* Instructions for the task *
Would you repeat each line below exactly, without the pictures?

* Collected material *
---
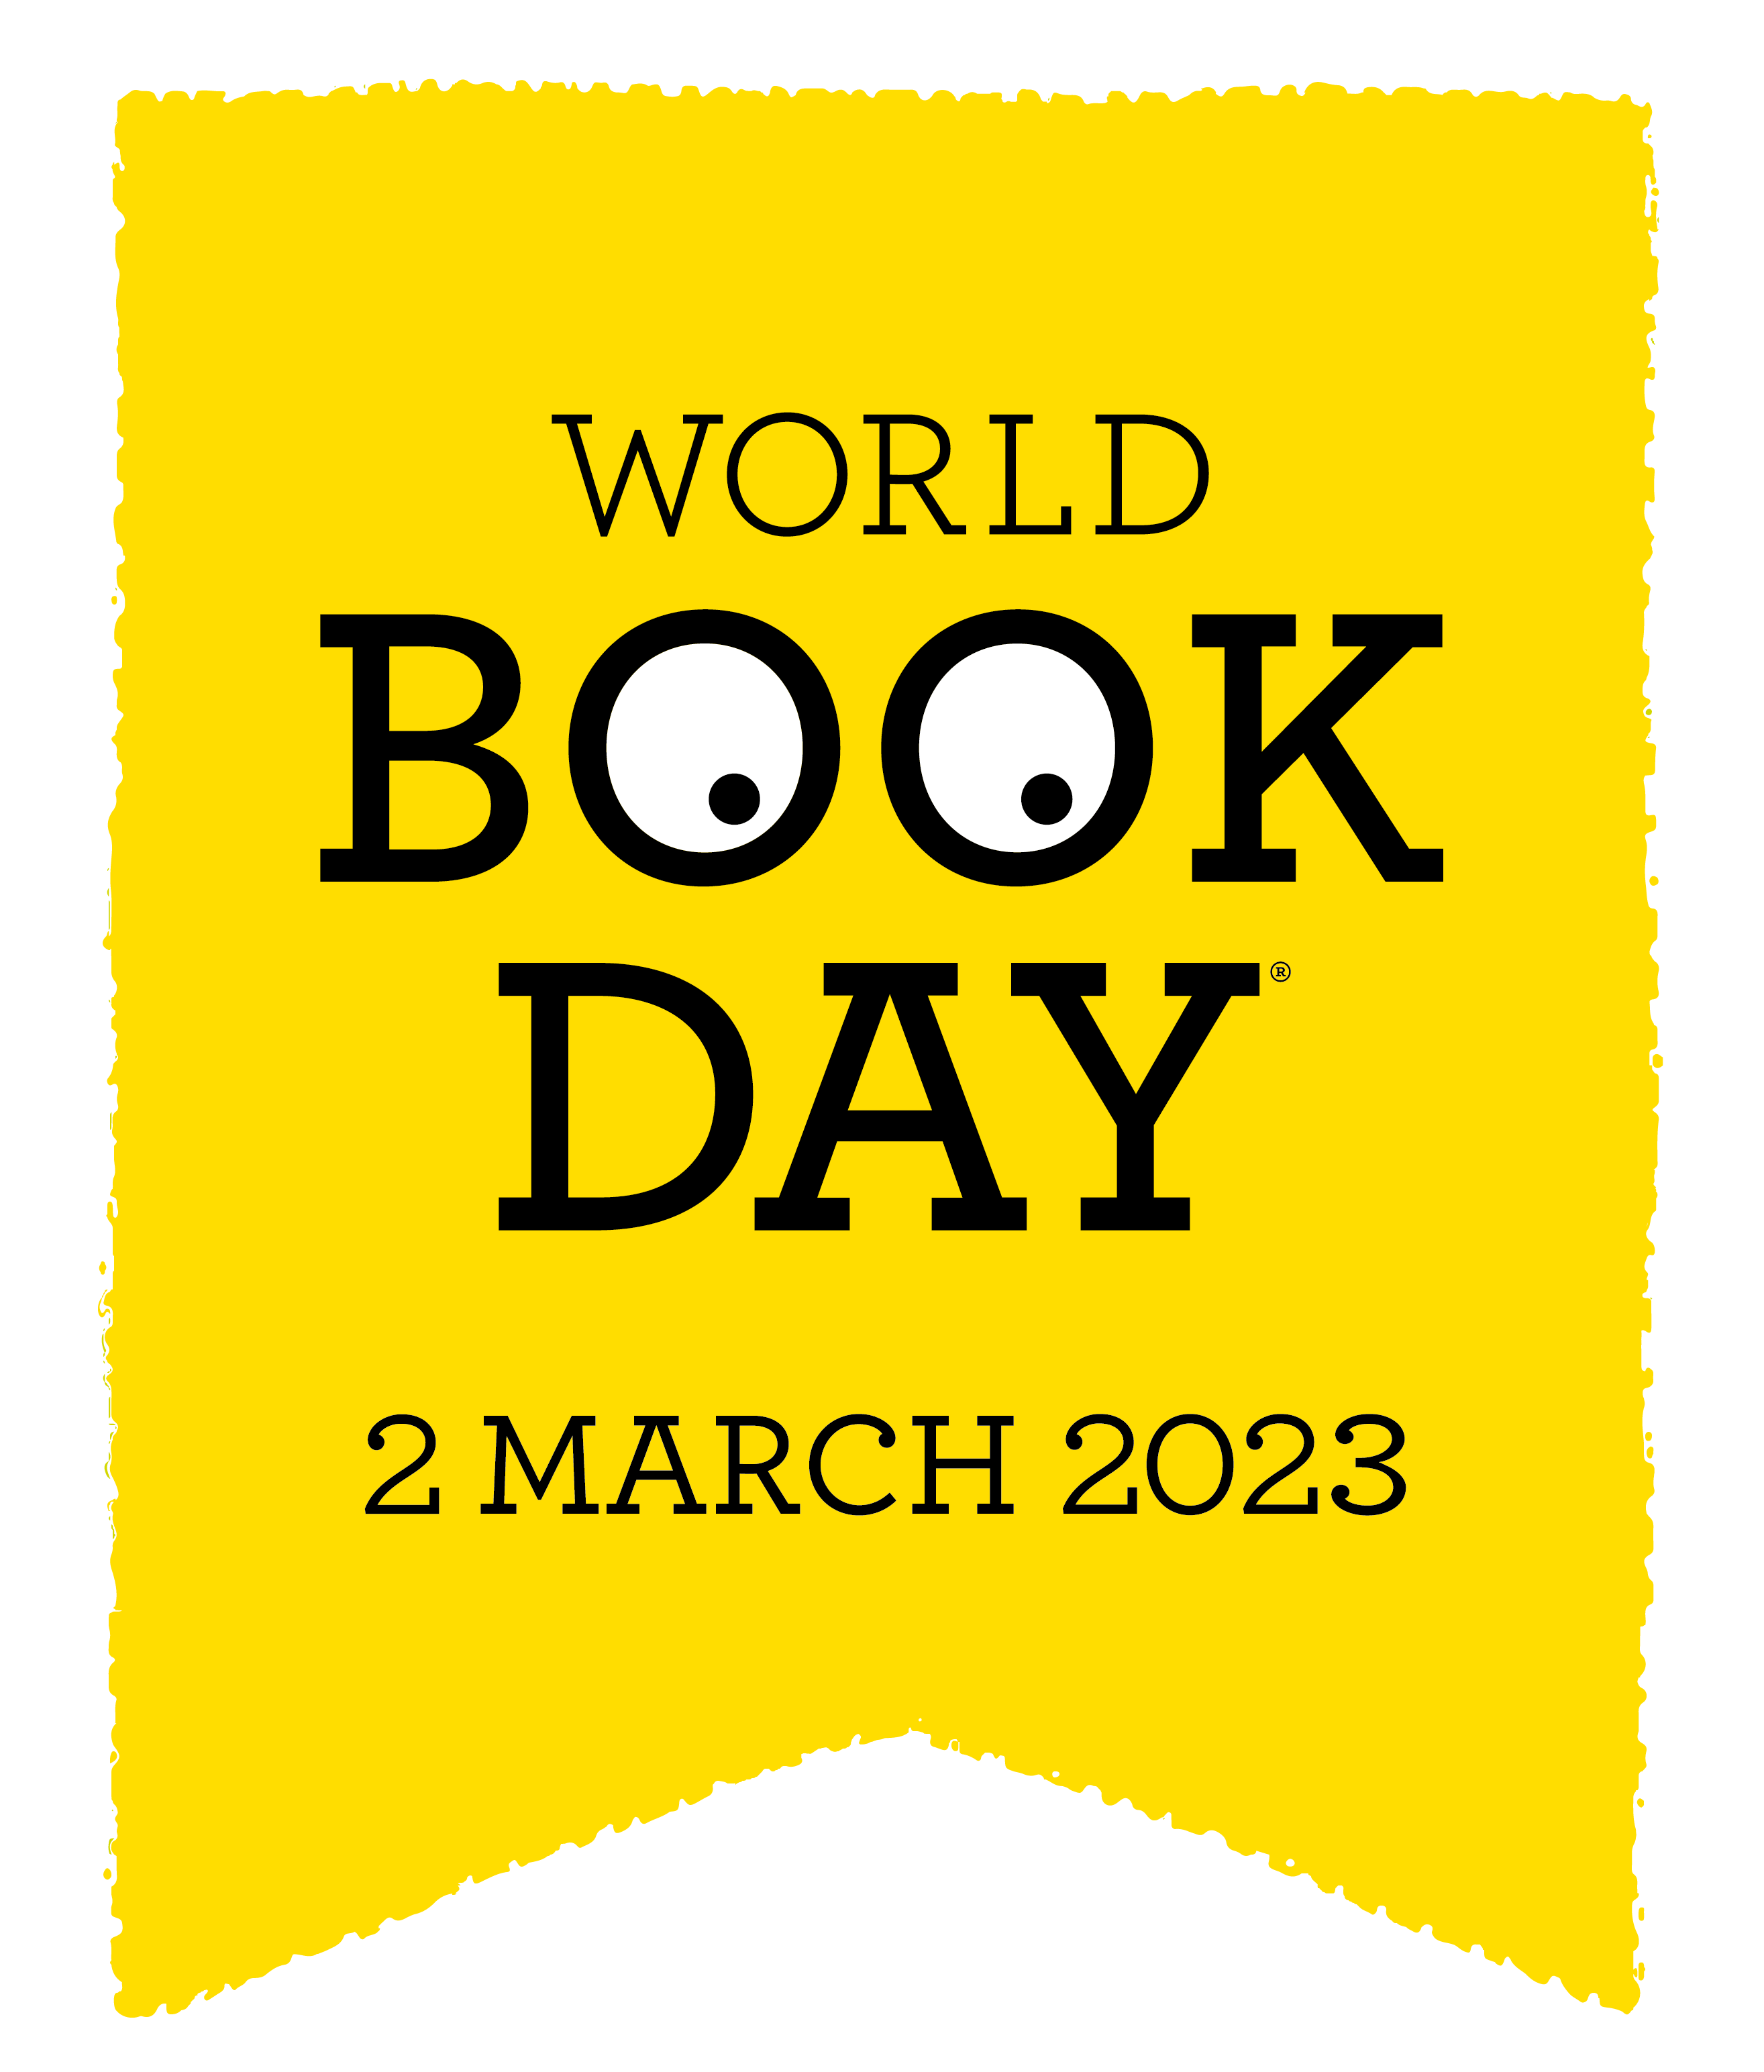 World Book Day - World Book Day | World Book Day is a registered charity.  Our mission is to give every child and young person a book of their own.
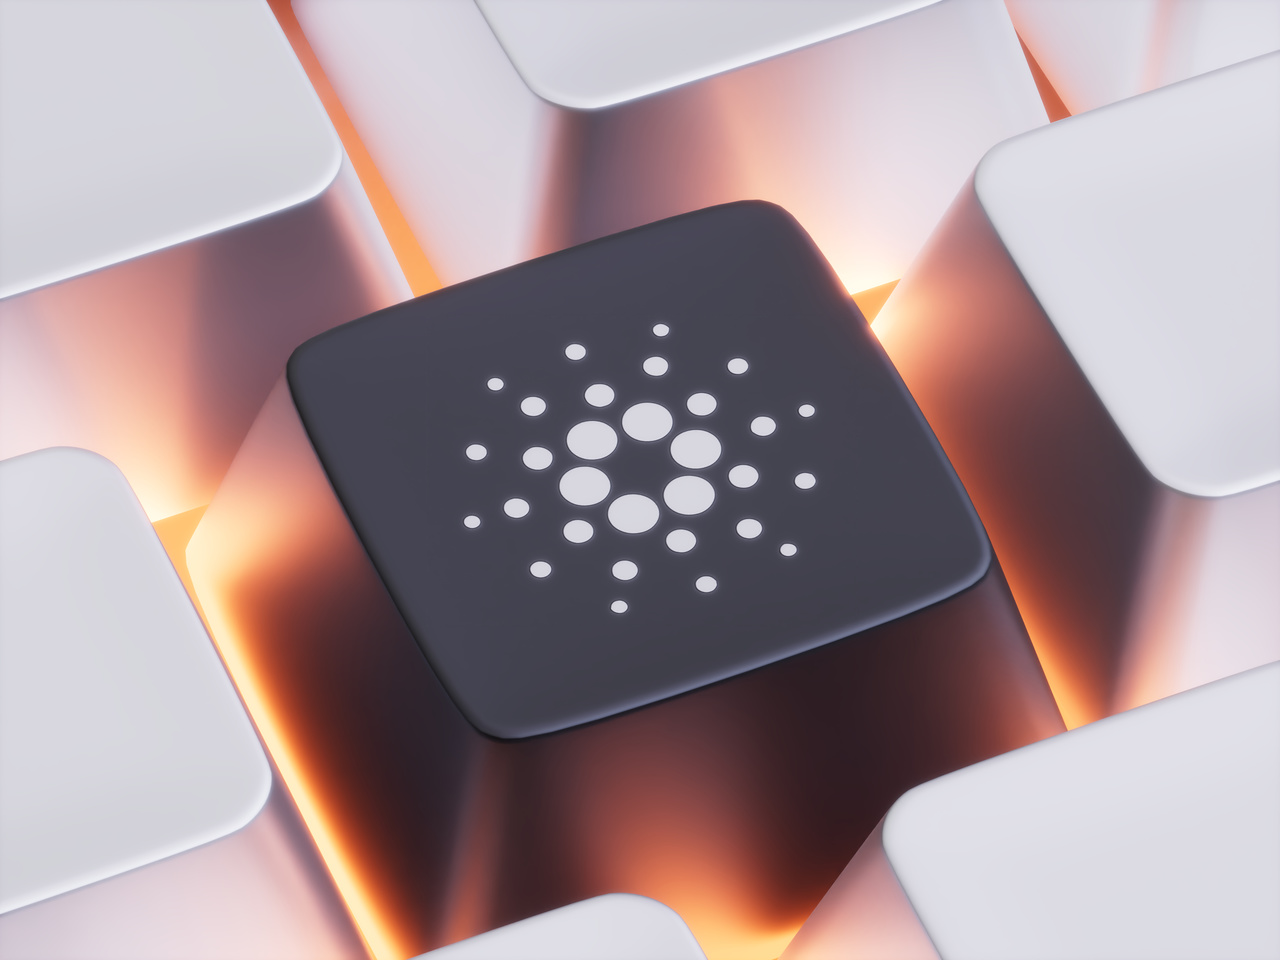 Top 3 Cardano Use Cases: 2023 is looking STRONG for ADA!
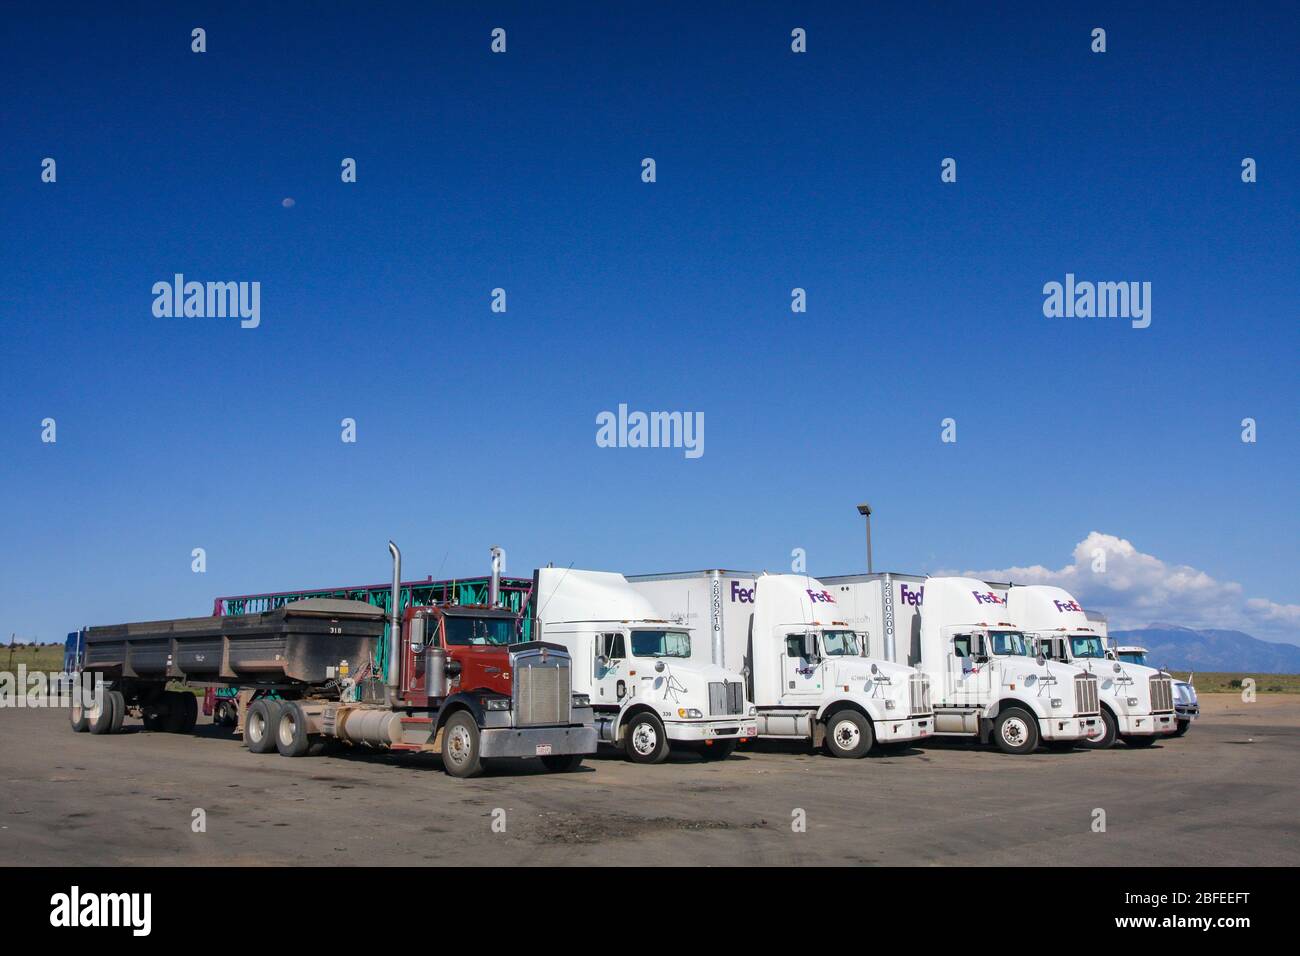 Fedex delivery trucks parked in row. Side view of cabins and trailers at highway rest stop under blue sky. American transport freight delivery vehicle Stock Photo
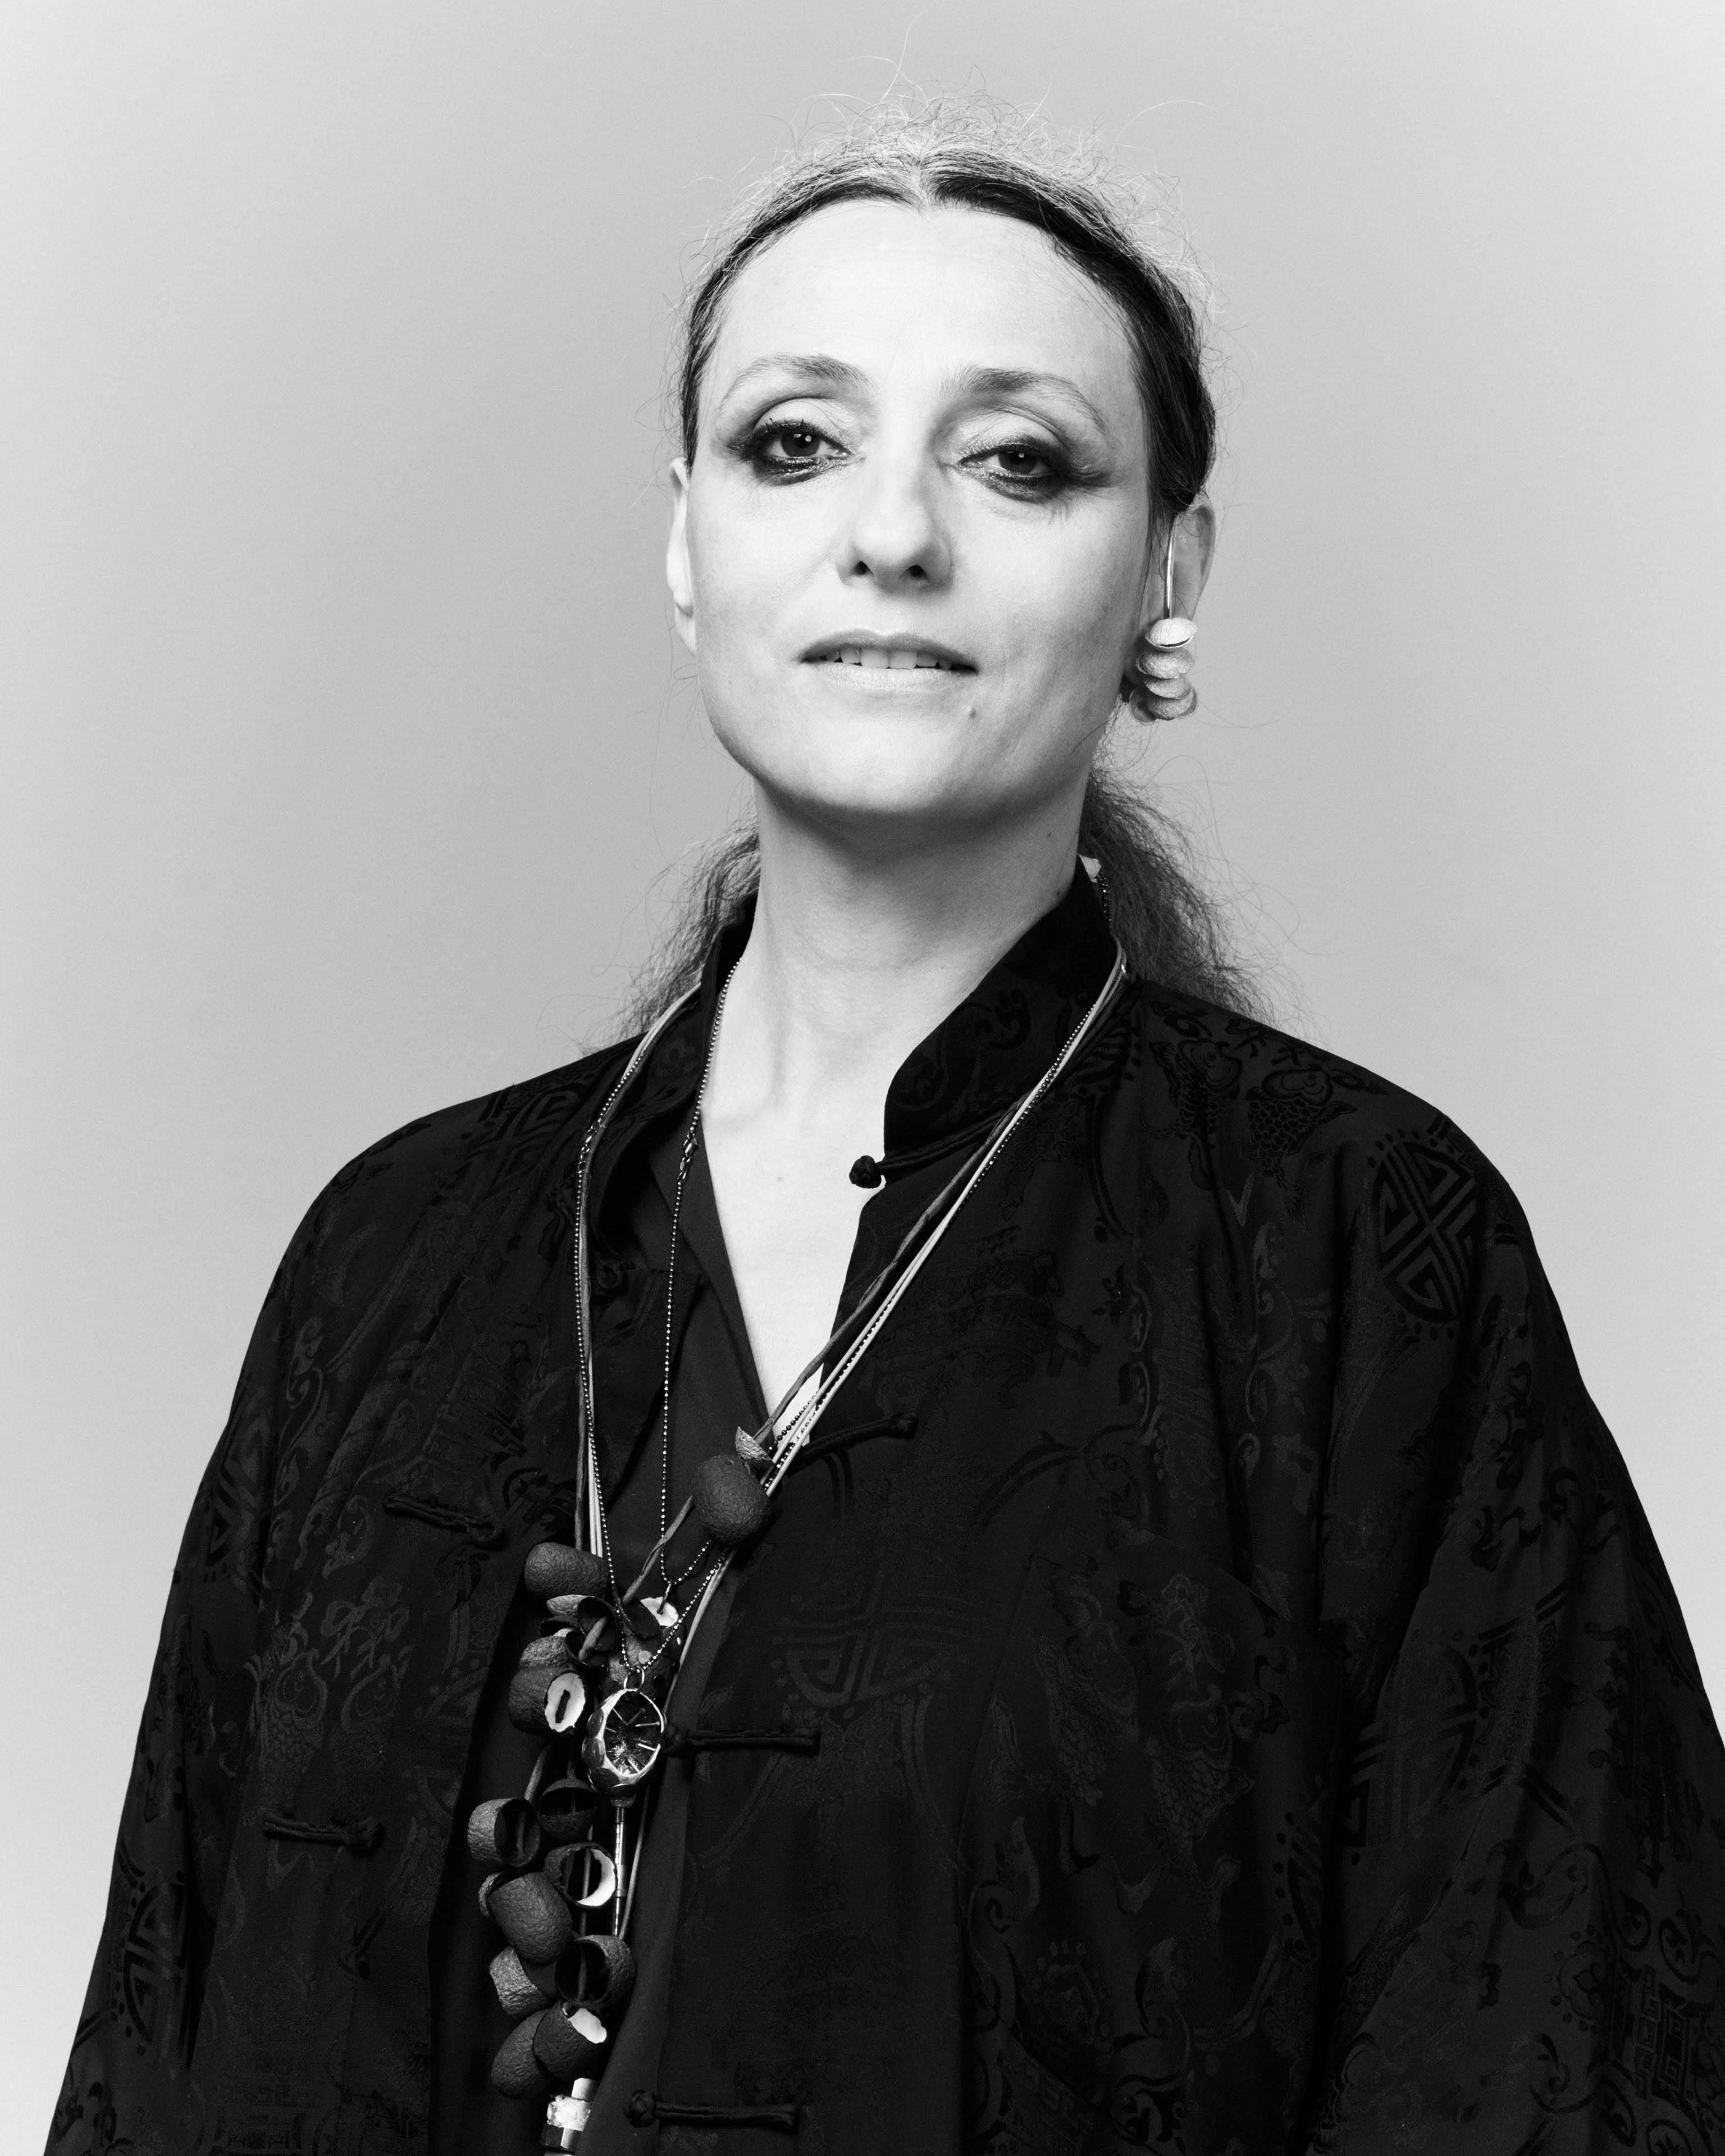 Artist Maja Vukoje wears several silk cocoon necklaces over a black blouse, an earring with white cocoon parts hangs from her ear, she looks serious, her long hair is tied up
---
* Task response *
 World Book Day - World Book Day | World Book Day is a registered charity.  Our mission is to give every child and young person a book of their own.
 Top 3 Cardano Use Cases: 2023 is looking STRONG for ADA!
 Fedex delivery trucks parked in row. Side view of cabins and trailers at highway rest stop under blue sky. American transport freight delivery vehicle Stock Photo
 Artist Maja Vukoje wears several silk cocoon necklaces over a black blouse, an earring with white cocoon parts hangs from her ear, she looks serious, her long hair is tied up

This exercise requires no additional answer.